Seit 4 Tagen haben wir einen neuen Mitbewohner: Ein 6 Wochen altes Kätzchen (m). Ich weiß, dass es zu jung ist, um von der Mutter getrennt zu werden. Diese ist aber leider schon gestorben und im Tierheim hatten sie mir versichert, dass ich das Kitten gleich mitnehmen könne, wenn ich es denn selbst impfen lasse (das werde ich in seiner 8. Woche auch tun). Das schlechte Gewissen habe ich da wohl verdrängt. Denn ich habe nun Angst, dass ich dem Kitten nicht alles geben kann, was es für eine gesunde Entwicklung braucht.

Seit es hier ist (ich habe Urlaub für 1,5 Wochen) kümmere ich mich hingebungsvoll um das Kätzchen. Alle 2 Stunden schläft es und ist dann für 2 Stunden wach. Es frisst gut (bekommt auch noch Ersatz-Muttermilch) und benutzt seit dem ersten Tag das Katzenklo.
Ich mache mir jetzt aber schon Sorgen, was sein wird, wenn mein Freund und ich wieder arbeiten. Wir sind dann 8 Stunden weg und das Kätzchen wäre alleine, bis auf meine Mutter, die zwischendurch mal nach ihm schaut für 1 - 2 Stunden.
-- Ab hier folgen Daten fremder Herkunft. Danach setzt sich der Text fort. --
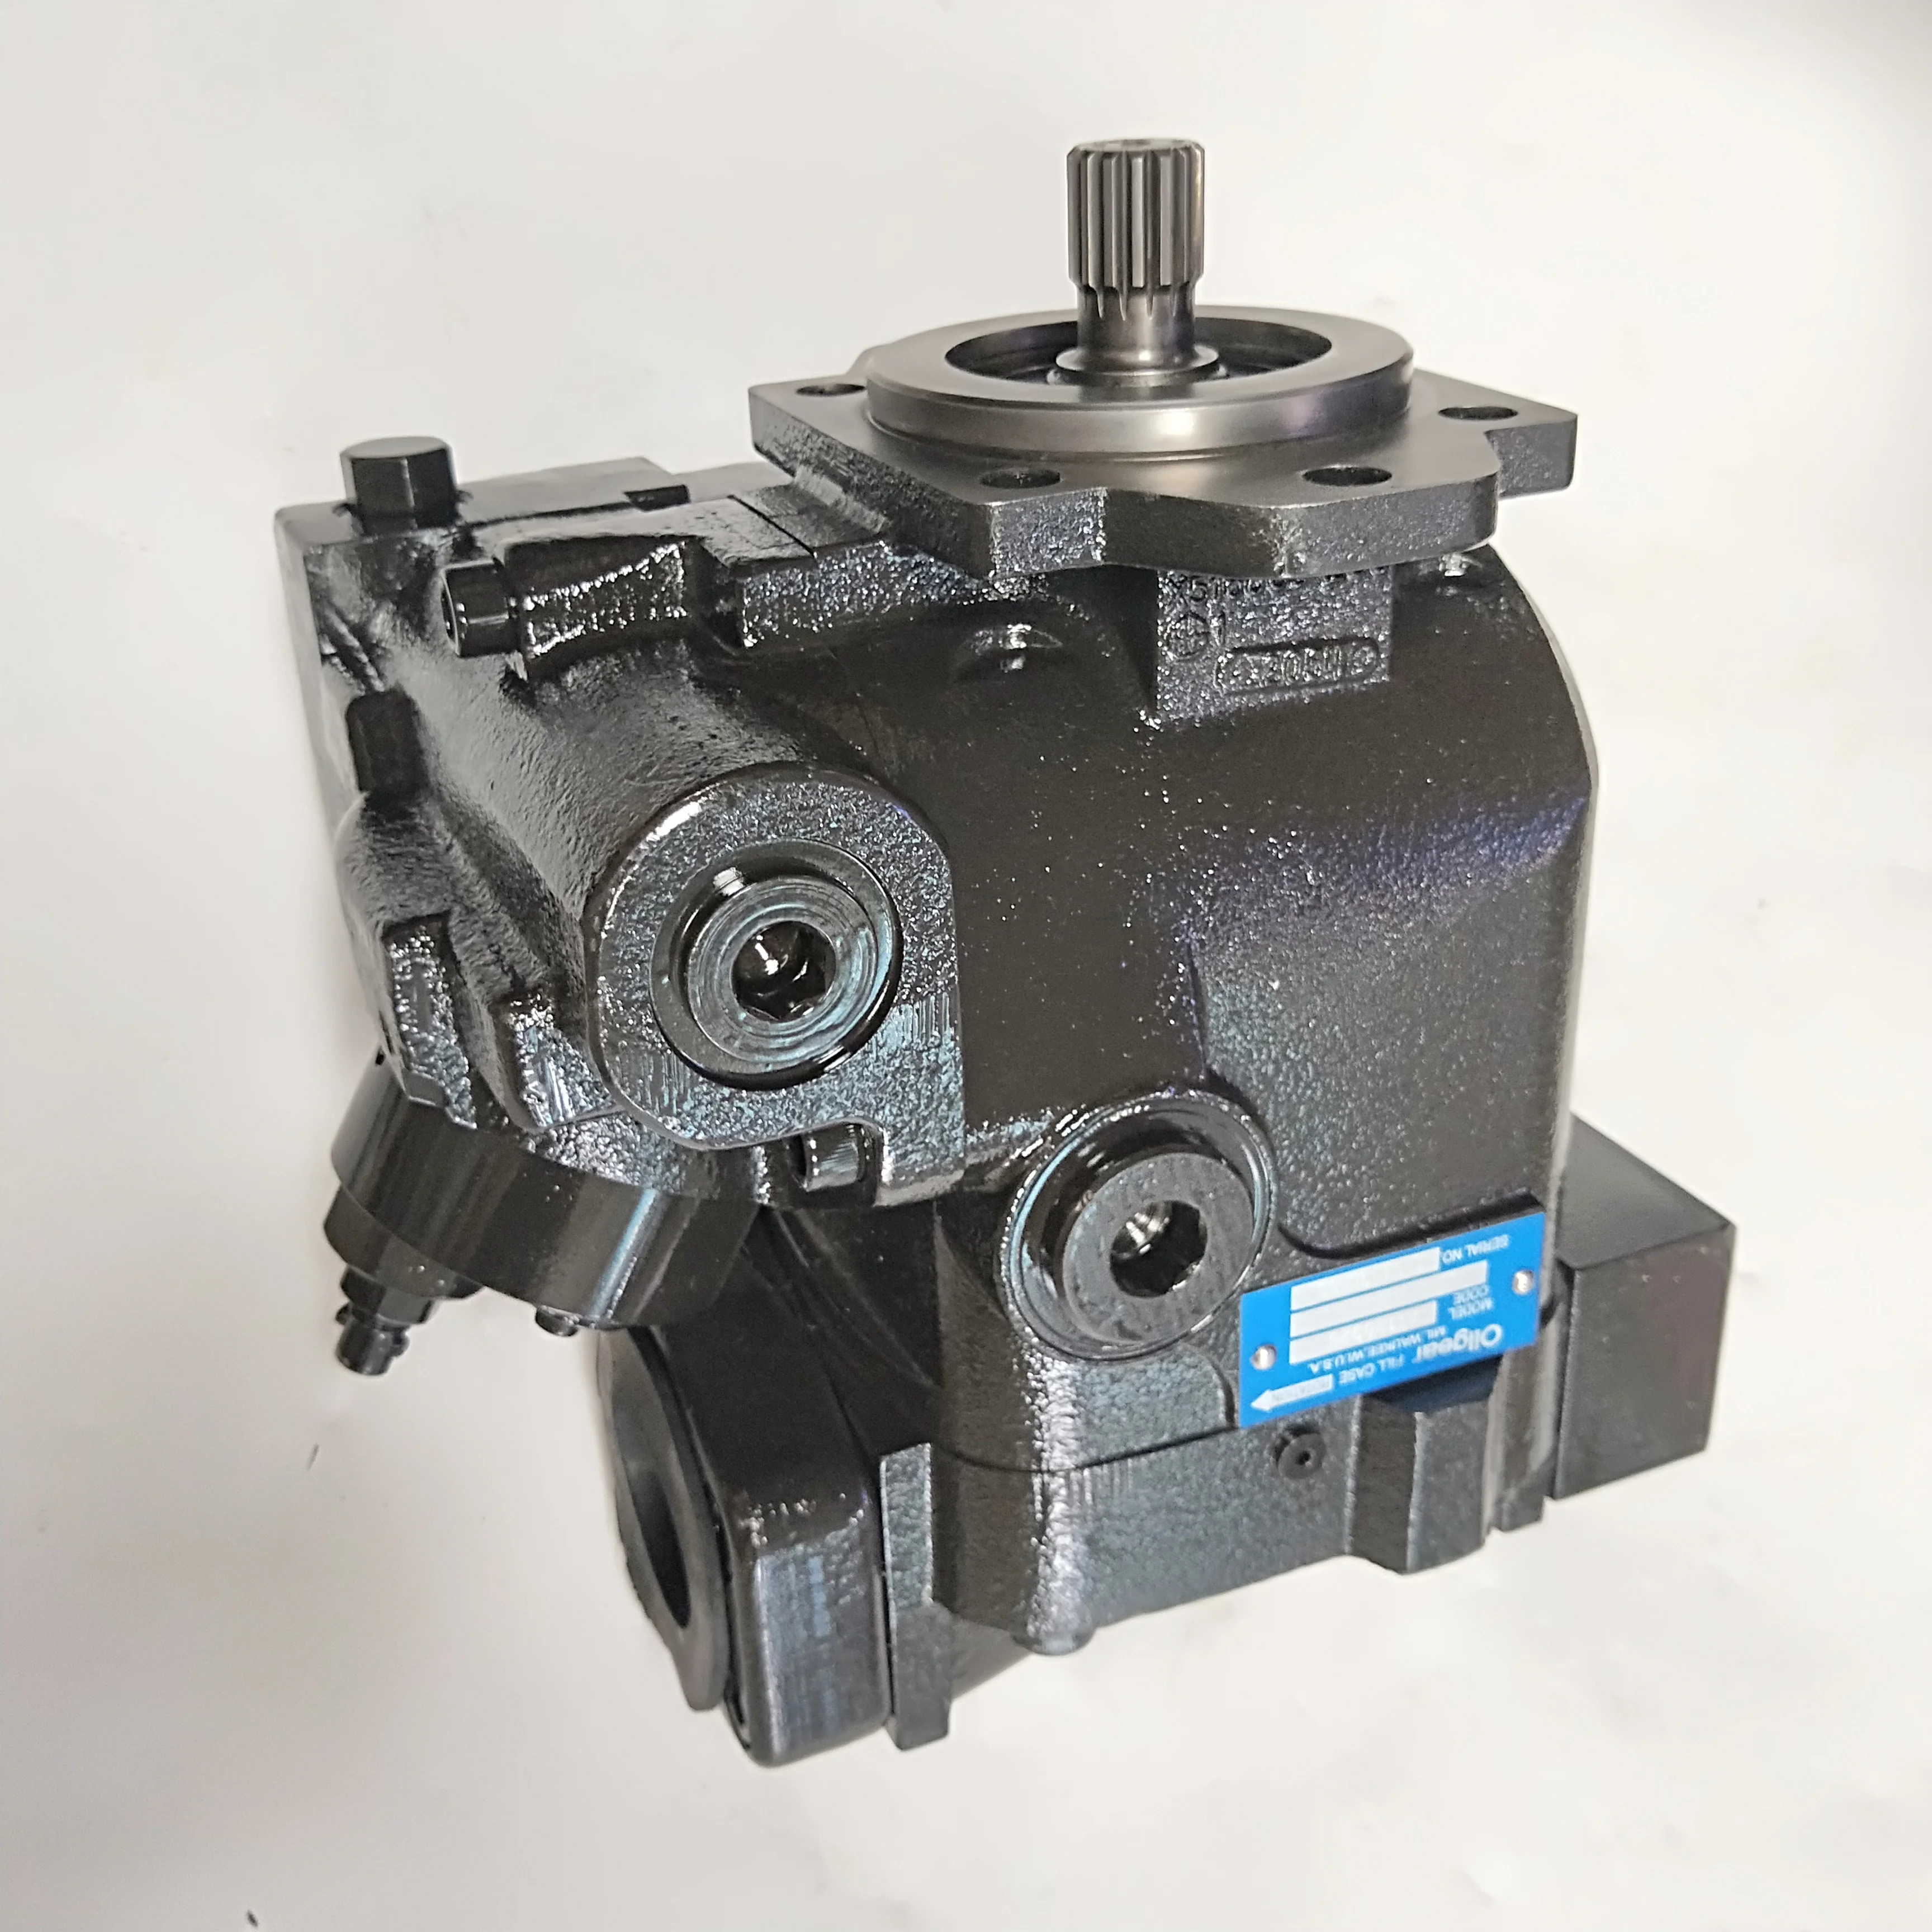 America Oilgear hydraulic piston motor pump AT197383 AT180926 AT197406 AT179588 AT184385 AT208643 AT471417 AT197406

Ab 6 Monaten darf es dann raus tagsüber (womit ich das Einsamkeits-Problem eigentlich als gelöst ansehe, aber was ist bis dahin...?!).

Nach Recherche im Internet (nach Infos darüber, wie lange man ein Kätzchen alleine lassen kann) bin ich jetzt immer mehr auf die Aussage gestoßen, dass man Katzen nur zu 2. halten soll. Und dass sich das Kätzchen in dem Alter langweilen wird. Habe jetzt ein richtig schlechtes Gewissen und weiß nicht was ich tun soll.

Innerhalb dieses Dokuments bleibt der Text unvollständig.